[TASK DATA]

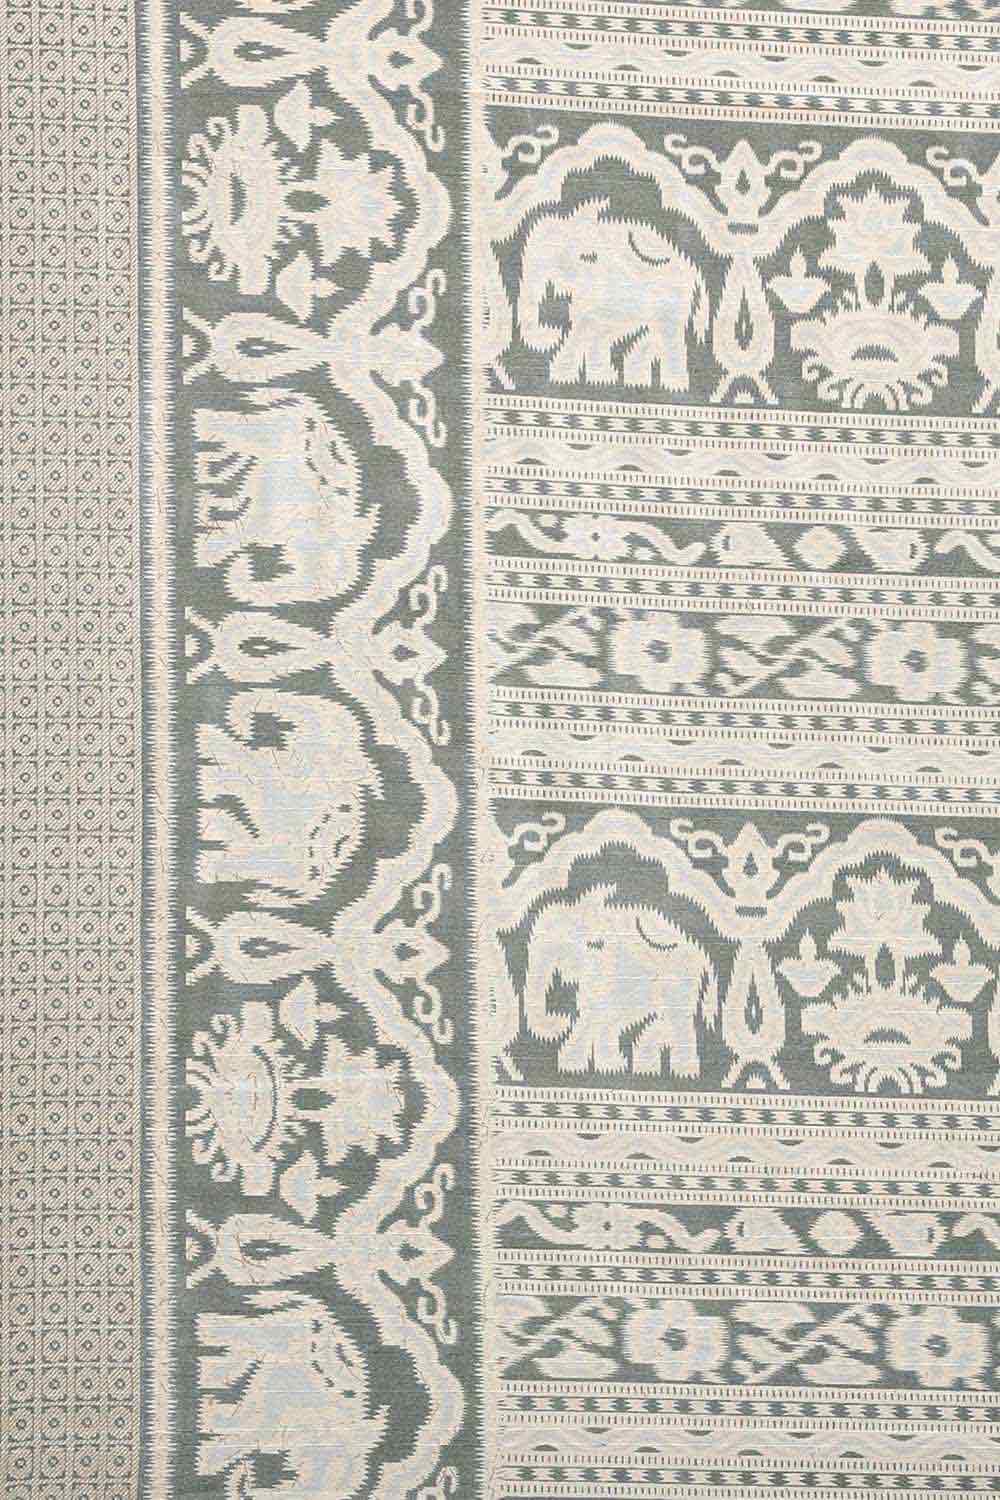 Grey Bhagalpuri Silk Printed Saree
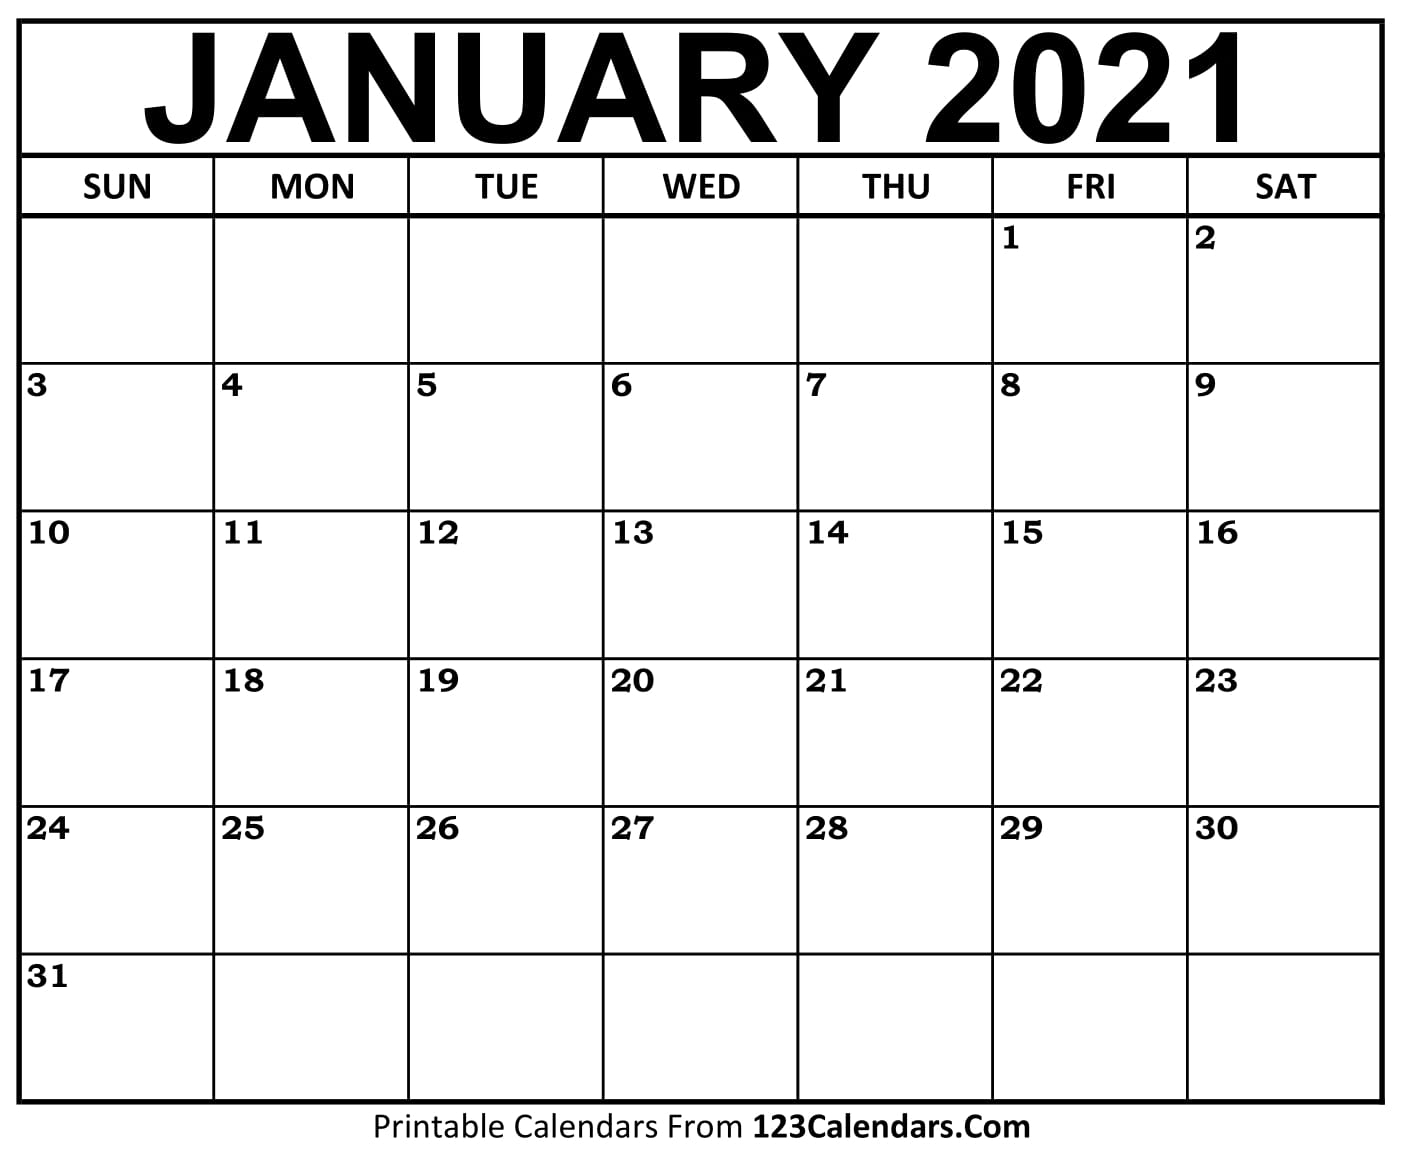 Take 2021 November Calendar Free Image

[/TASK DATA]
[TASK DATA]

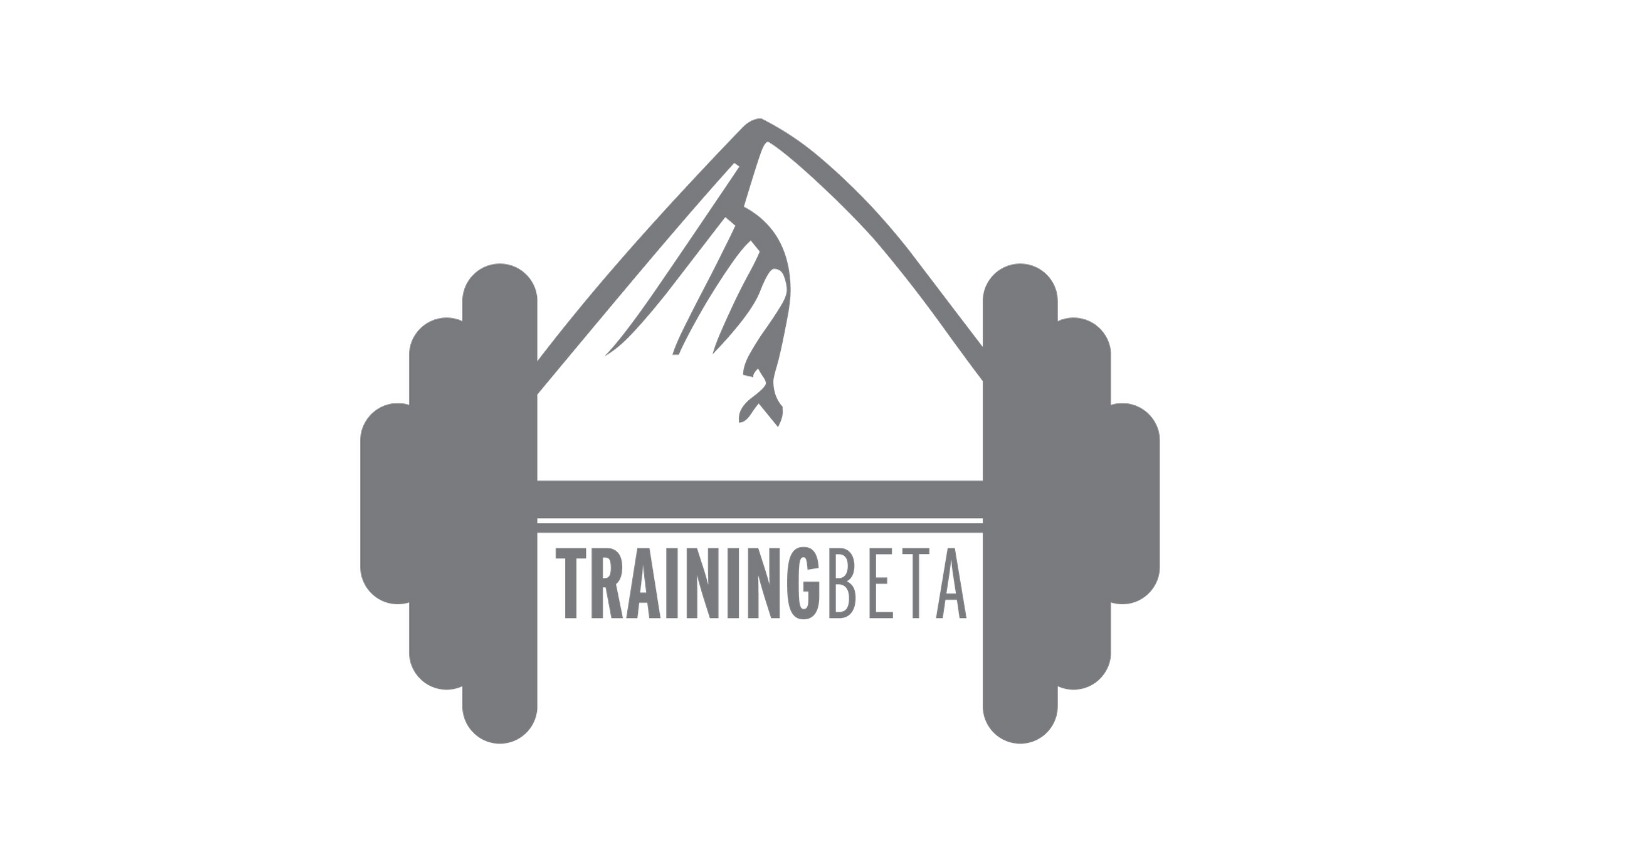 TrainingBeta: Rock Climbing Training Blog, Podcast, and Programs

[/TASK DATA]

Copy out the lines above from the line containing "Grey Bhagalpuri Silk Printed Saree" through the line containing "Take 2021 November Calendar Free Image", exactly, and keep the pictures out.

SOLUTION FOR THIS TASK -
 Grey Bhagalpuri Silk Printed Saree
 Take 2021 November Calendar Free Image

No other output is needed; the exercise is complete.